En second lieu, les dispositions, citées au point 4, en vertu desquelles certaines décisions doivent être prises après que la vulnérabilité de l'intéressé a été prise en compte et que ce dernier a été mis en mesure de présenter ses observations écrites, et doivent être écrites et motivées, ne s’appliquent pas à la décision de refuser les conditions matérielles d’accueil au motif que le demandeur ne bénéficie plus du droit à se maintenir sur le territoire français. Par suite, les moyens tirés du défaut de motivation, de ce que la décision aurait été prise à l’issue d’une procédure irrégulière et du défaut d’examen de la vulnérabilité des requérants doivent être écartés comme inopérants.
Il résulte de ce qui précède que, sans qu’il soit besoin de se prononcer sur la fin de non-recevoir opposée par l’OFII en défense, que M. K... et Mme F... ne sont pas fondés à demander l’annulation de la décision litigieuse.
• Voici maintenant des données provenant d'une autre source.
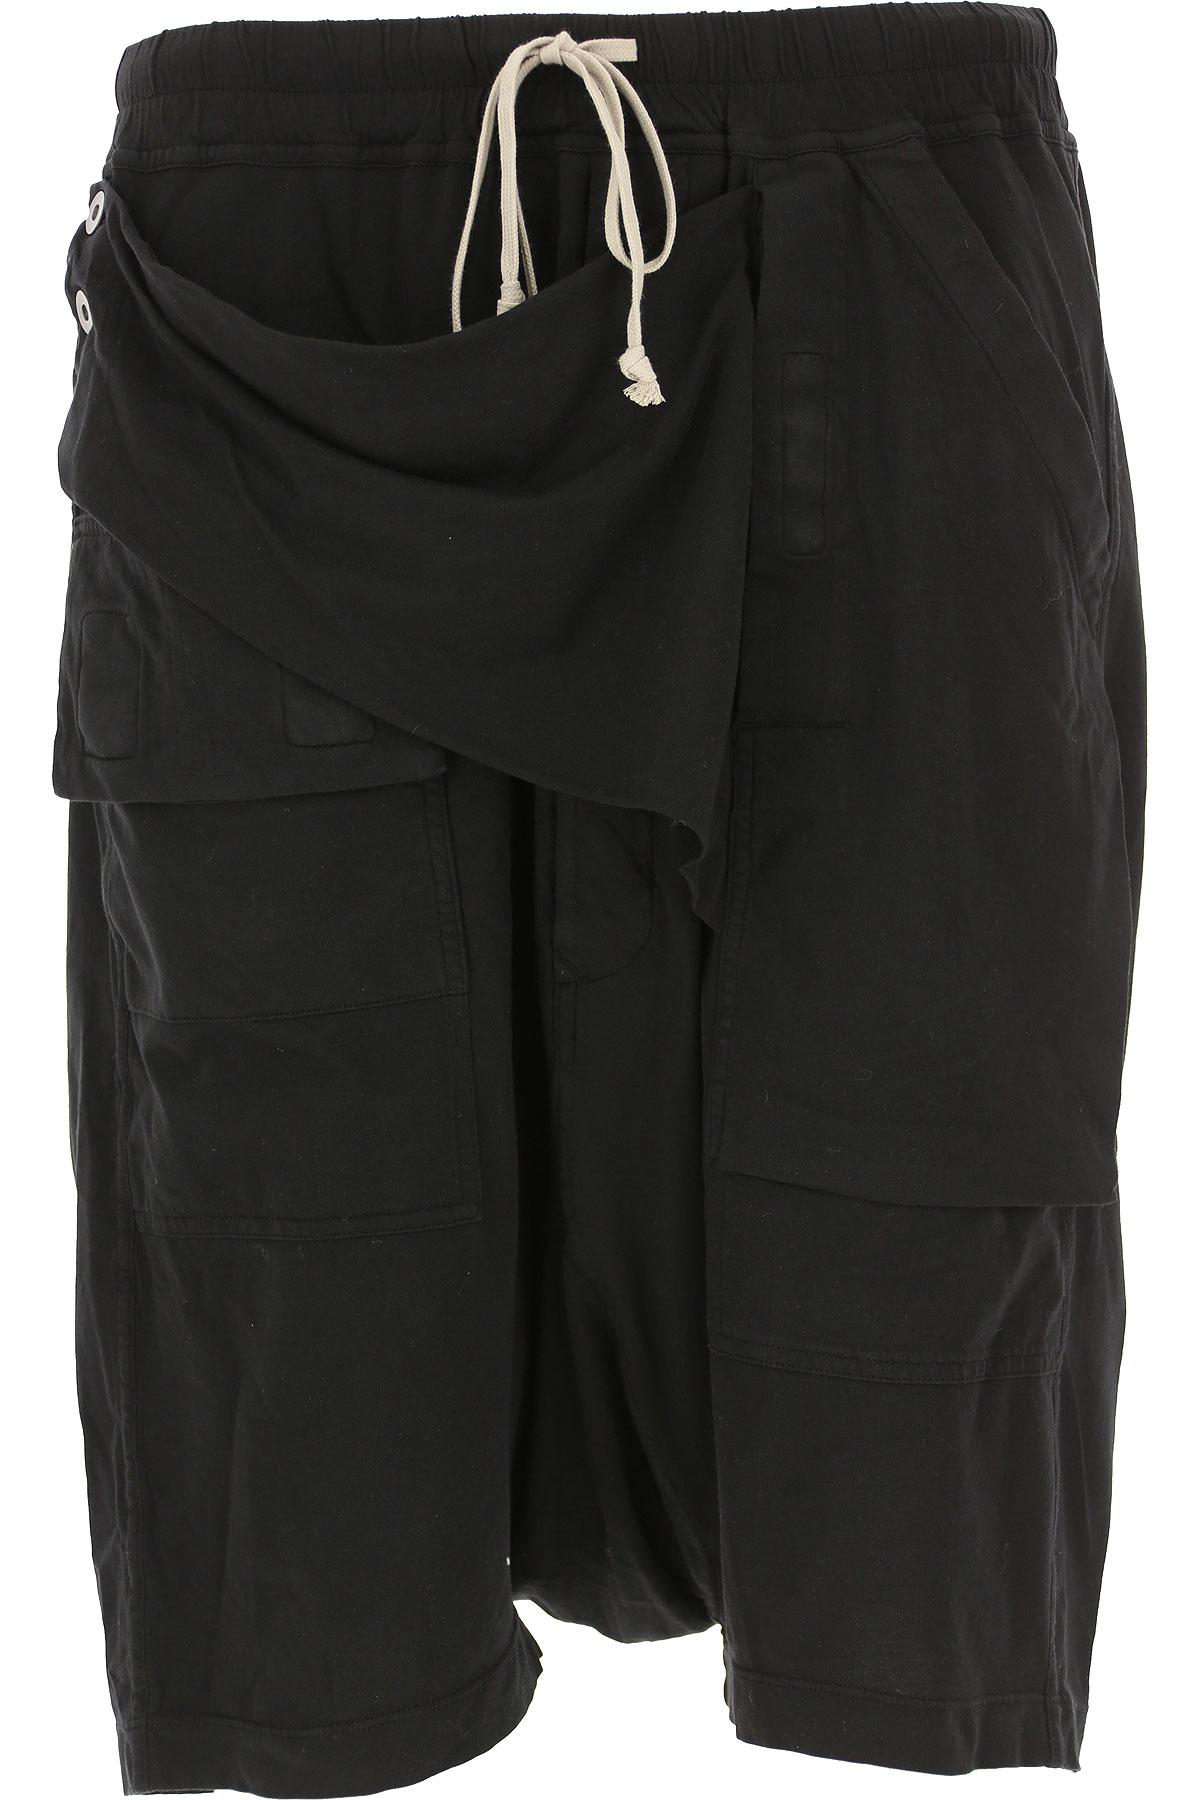 Rick Owens DRKSHDW Shorts for Men On Sale in Outlet, Black, Cotton, 2019, S (EU 46) M (EU 48) L (EU 50)
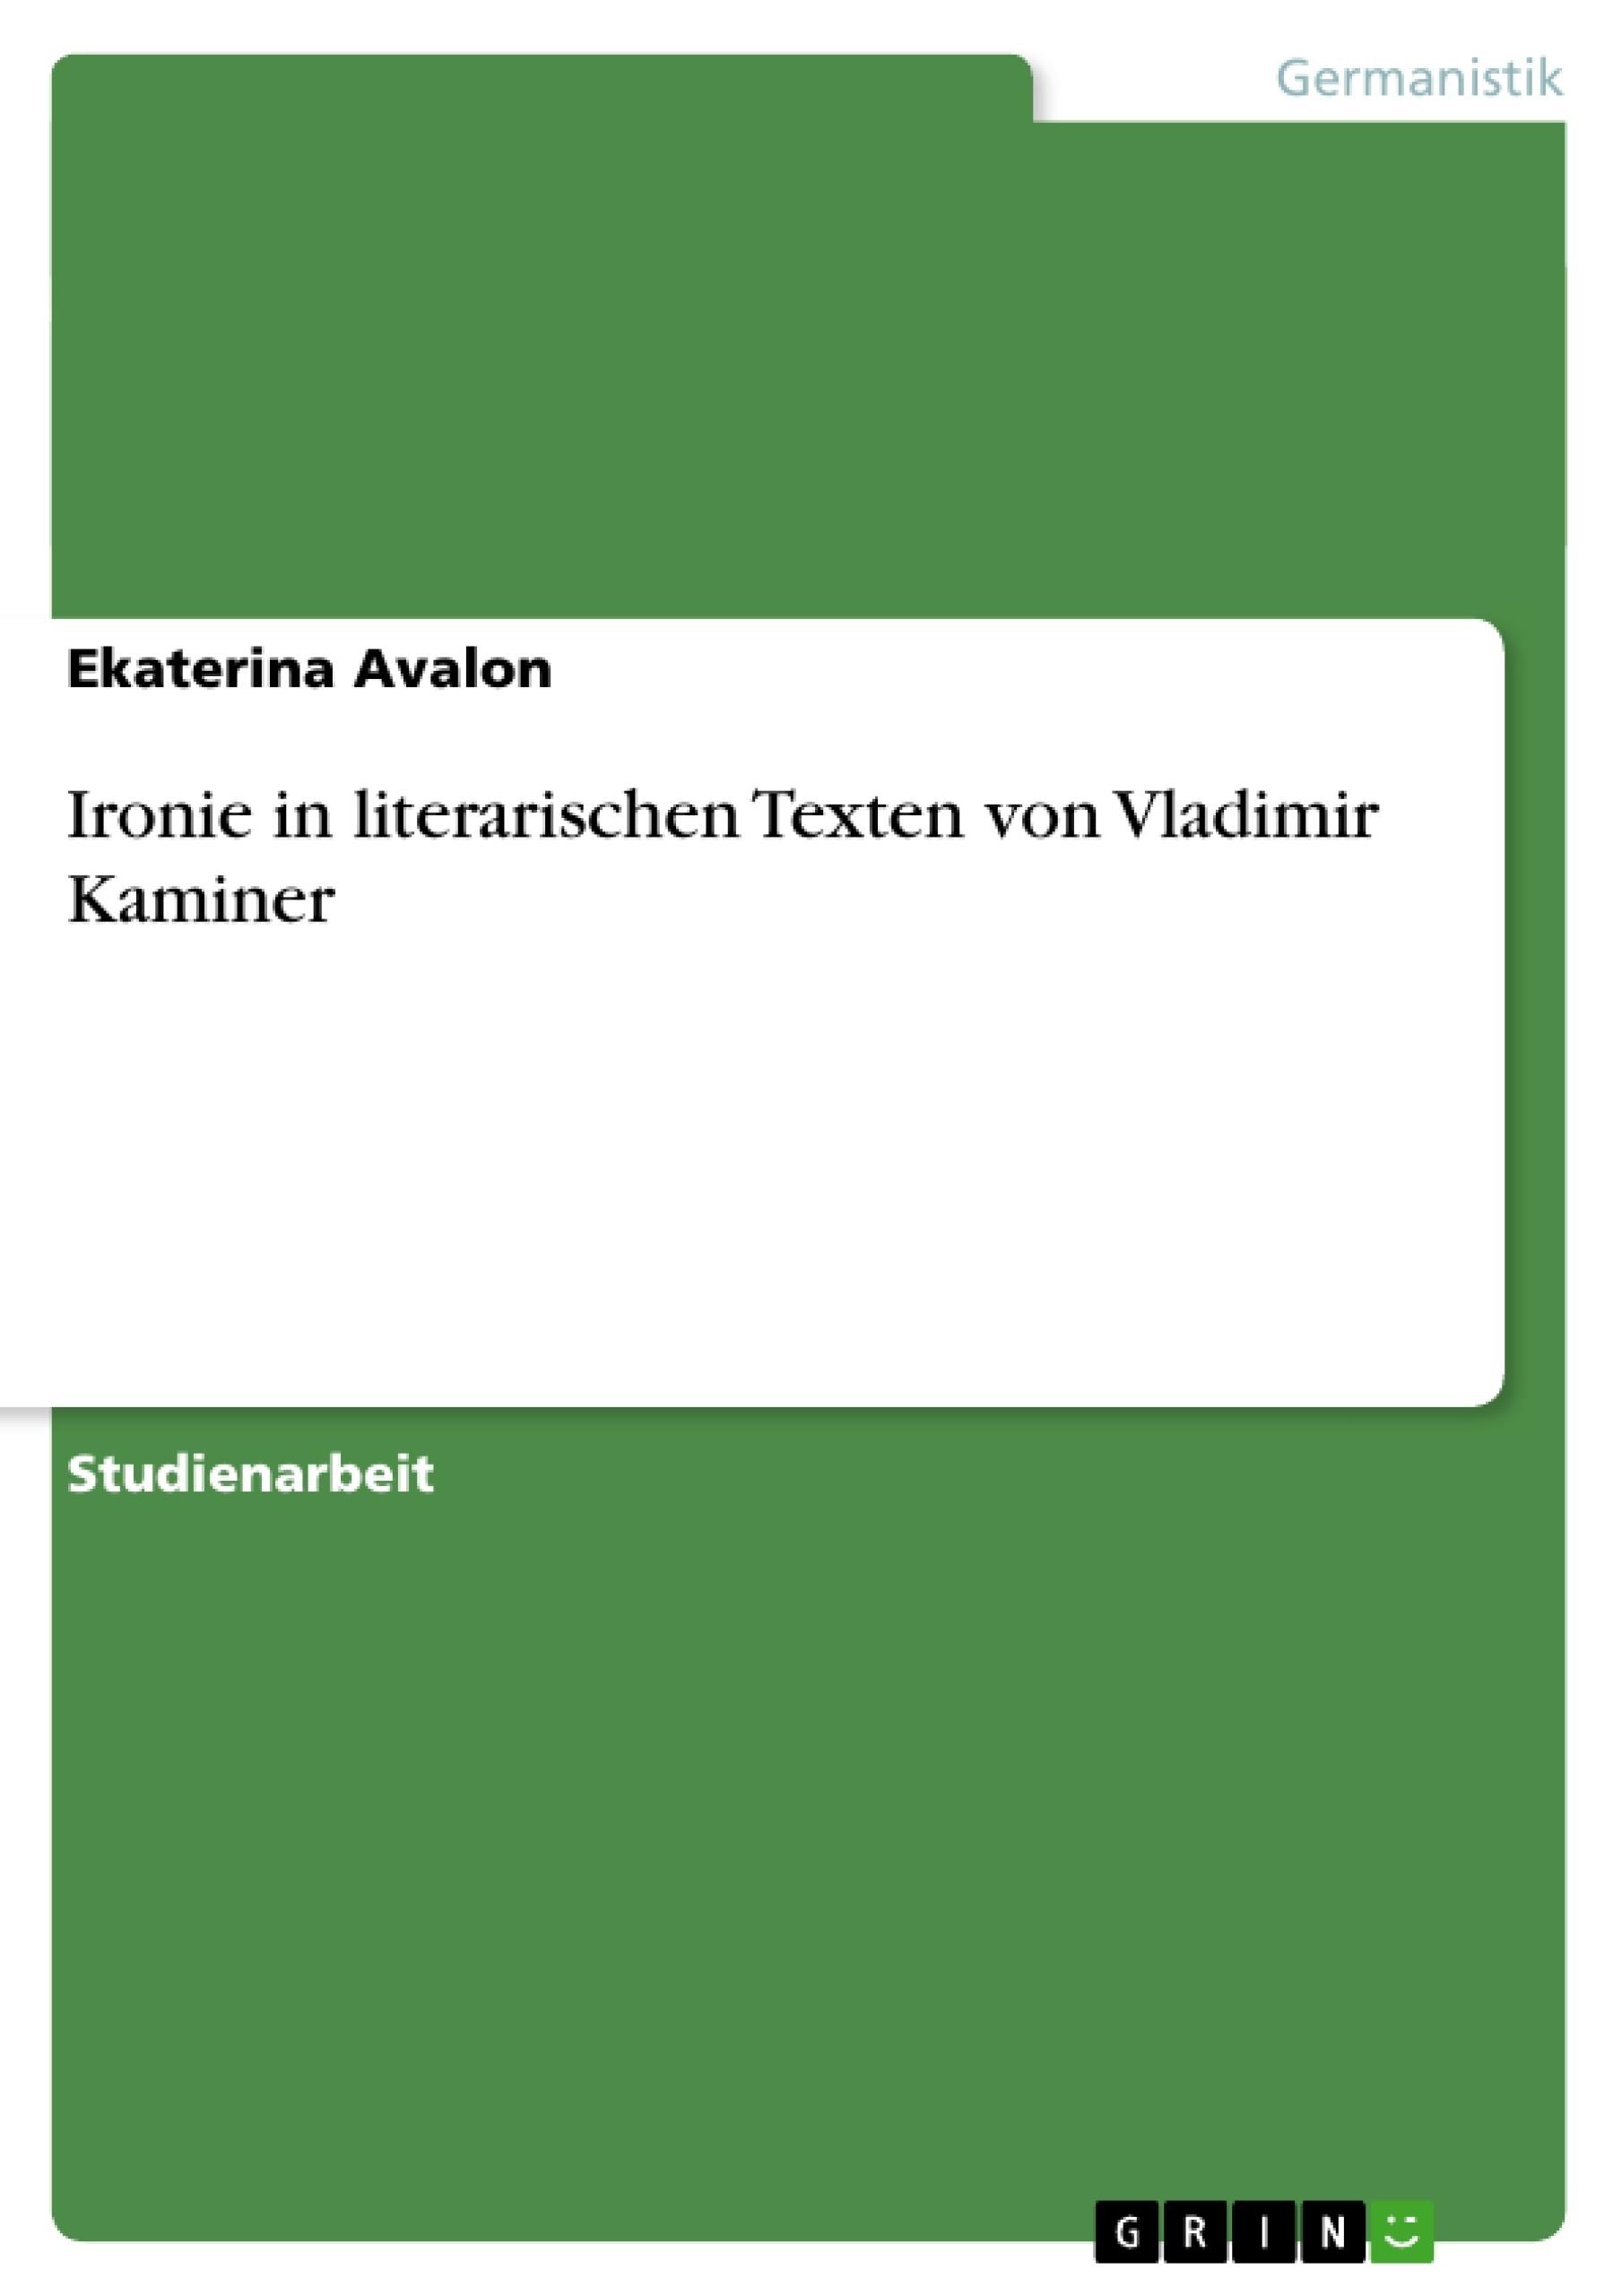 Titel: Ironie in literarischen Texten von Vladimir Kaminer

Par voie de conséquence, leurs conclusions à fin d’injonction et celles présentées au titre des articles L. 761-1 du code de justice administrative et 37 de la loi du 10 juillet 1991 doivent être rejetées.


D E C I D E :


Article 1er : La requête de M. K... et Mme F... est rejetée.

Article 2 : Le présent jugement sera notifié à M. A... K... et Mme J... F... et à l'Office français de l'immigration de l'intégration.
Copie en sera adressée à Me Pasteur.

Délibéré après l'audience du 29 octobre 2025, à laquelle siégeaient :

Mme Claire Chauvet, présidente,
Mme Claire Martel, première conseillère,
Mme Justine-Kozue Kubota, conseillère.

Rendu public par mise à disposition au greffe le 19 novembre 2025.

La rapporteure,

Claire D...

La présidente,

Claire Chauvet

Le greffier,



Patrick Vosseler
La République mande et ordonne au ministre de l’intérieur en ce qui le concerne ou à tous commissaires de justice à ce requis en ce qui concerne les voies de droit commun contre les parties privées, de pourvoir à l’exécution de la présente décision.